Hey, is there documentation for the new pod templa...
# announcements
f
Hey, is there documentation for the new pod templates feature?
d
Hey @Fabio Grätz, are you referring to setting a default PodTemplate for k8s Pod configuration? If so, I don't believe we have written anything up (will file an issue for it). Hopefully configuration is pretty simple, you just need to set the default-pod-template-name configuration option on FlytePropeller. When executing, FlytePropeller attempts to use the PodTemplate in the namespace that the Pod will be created in (ex. by default a pod in the project
flytesnacks
and domain
development
will look for a PodTemplate in the
flytesnacks-development
namespace). If that PodTemplate does not exist, it then attempts to find on in the namespace that FlytePropeller runs in.

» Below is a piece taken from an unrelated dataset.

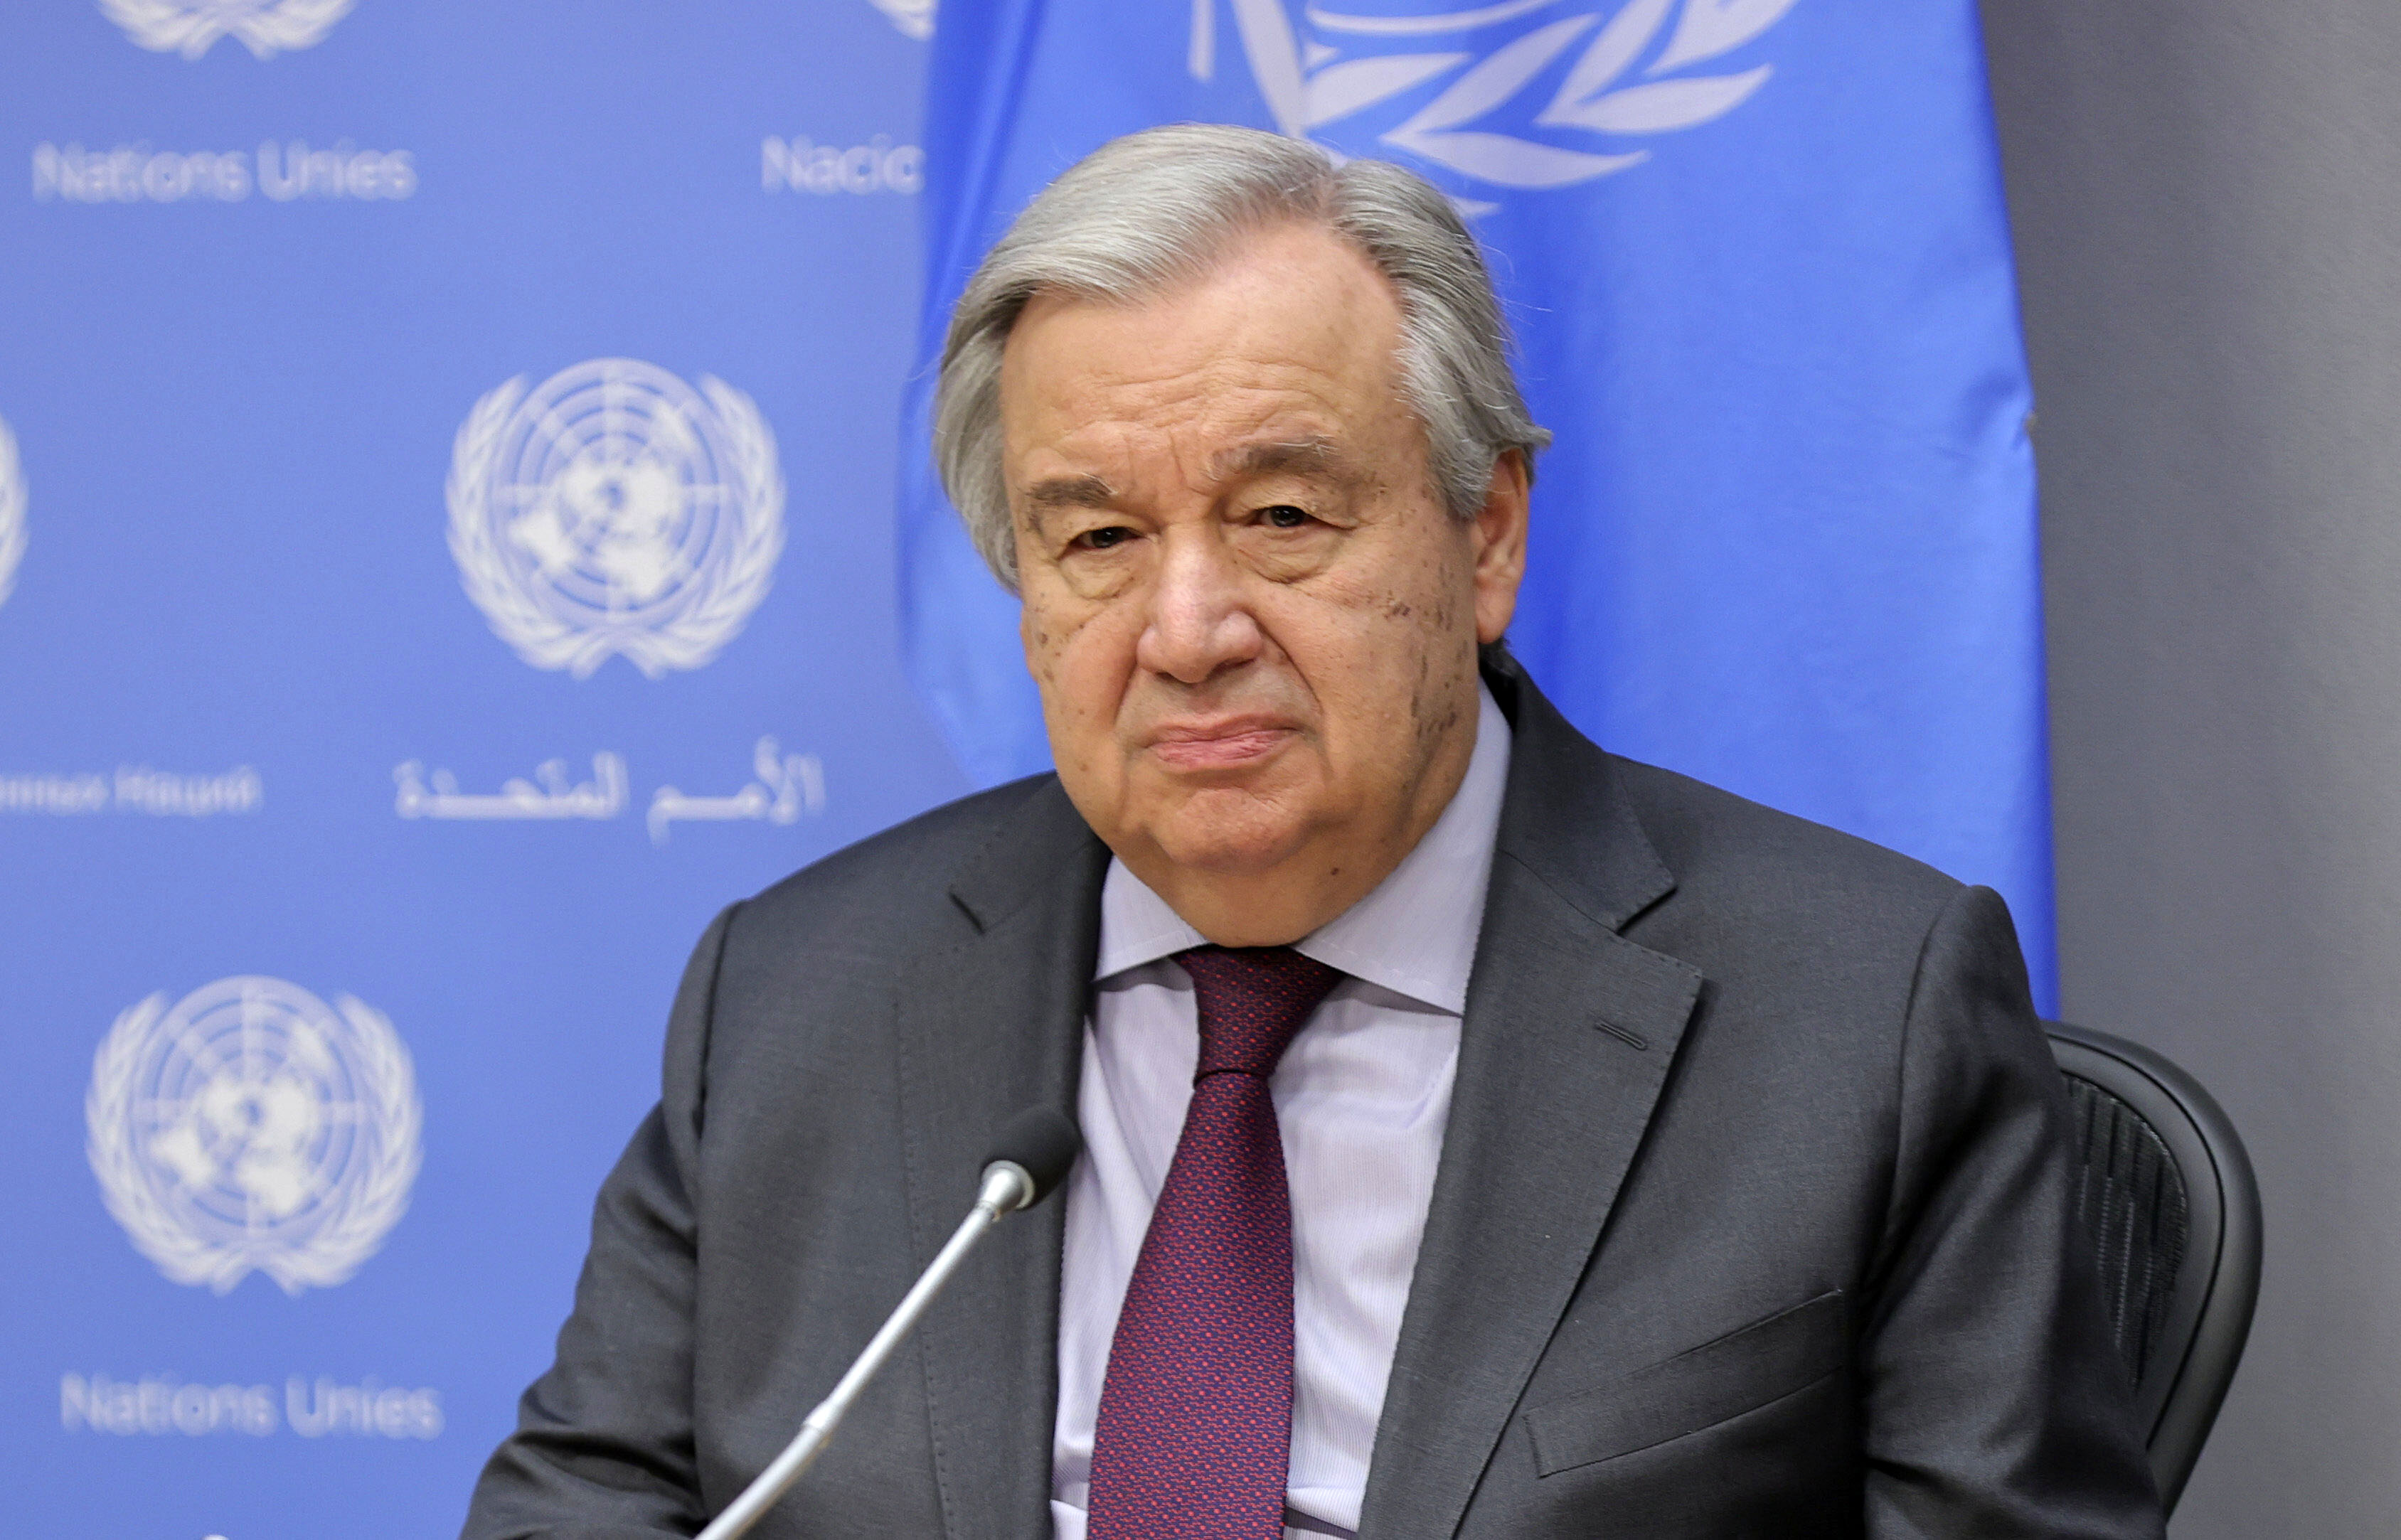 United Nations Secretary-General António Guterres holds a briefing in New York on March 10.

The only thing to note is that PodTemplates are required to have a container set. In the implementation we override this value, because Flyte requires certain containers to be running. So when definined the default PodTemplates you need to do something like:
apiVersion: v1
kind: PodTemplate
metadata:
name: flyte-default-template
namespace: flyte
template:
metadata:
spec:
containers:
- name: noop
image: <http://docker.io/rwgrim/docker-noop|docker.io/rwgrim/docker-noop>
subdomain: "default-subdomain"
Where in this example I defined a
noop
container.
cc @Marc Paquette
👍 1
1
A link to the github issue for visibility.
f
Thank you, I will try this out! The original motivation for looking into this is that I need to start my workflow tasks on a tainted node pool of high-powered machines that e.g. the flyte backend etc. wouldn’t be able to use. I have been using the default tolerations to do this but the Spark tasks don’t use them currently. I fixed this in this PR (Ketan already tagged you I think). Does this fix make sense to you? Spark on K8s currently unfortunately doesn’t use v1.PodTemplateSpec but a custom pod spec (see discussion). So I think that the pod template wouldn’t solve my problem as flytepropeller would have to translate the pod template into sparks custom pod spec. Is this correct?
d
I think your PR is certainly justified. Looking a bit deeper I wonder if we should take it a step further. It looks like (and sound like in the discussion) that the spark PodSpec is a subset of the k8s PodSpec. Should we set all spark configuration according to the k8s plugin config? I see that NodeSelector, HostNetwork, SchedulerName, Affinity (among others) are in both PodSpecs but not carried over from Flyte k8s configuration. Is there any reason that these values should not be?
f
No, i don’t think there is a good reason against also carrying those over. I will add this to the PR in the next days and ping you again once ready?
d
And yeah, currently the default PodTemplate is only applied to Pods launched using the Pod plugin (ie. Container and Pod tasks). Maybe it makes sense to apply these values as default to all resources, including Spark. There seem to be a few options: • Spark 3 allows passing default PodTemplates, but require a volume mount I think - so it could be a little messy • We could use the Flyte default PodTemplate to initialize a default Spark PodSpec - similar to the mapping in the opposite direction that Spark 3 seems to do. If we want to transition to using the Flyte default PodTemplate rather than adding one-off configuration in the k8s plugin configuration (as we certainly want to) this may set some precedent. We would have to have a deeper discussion.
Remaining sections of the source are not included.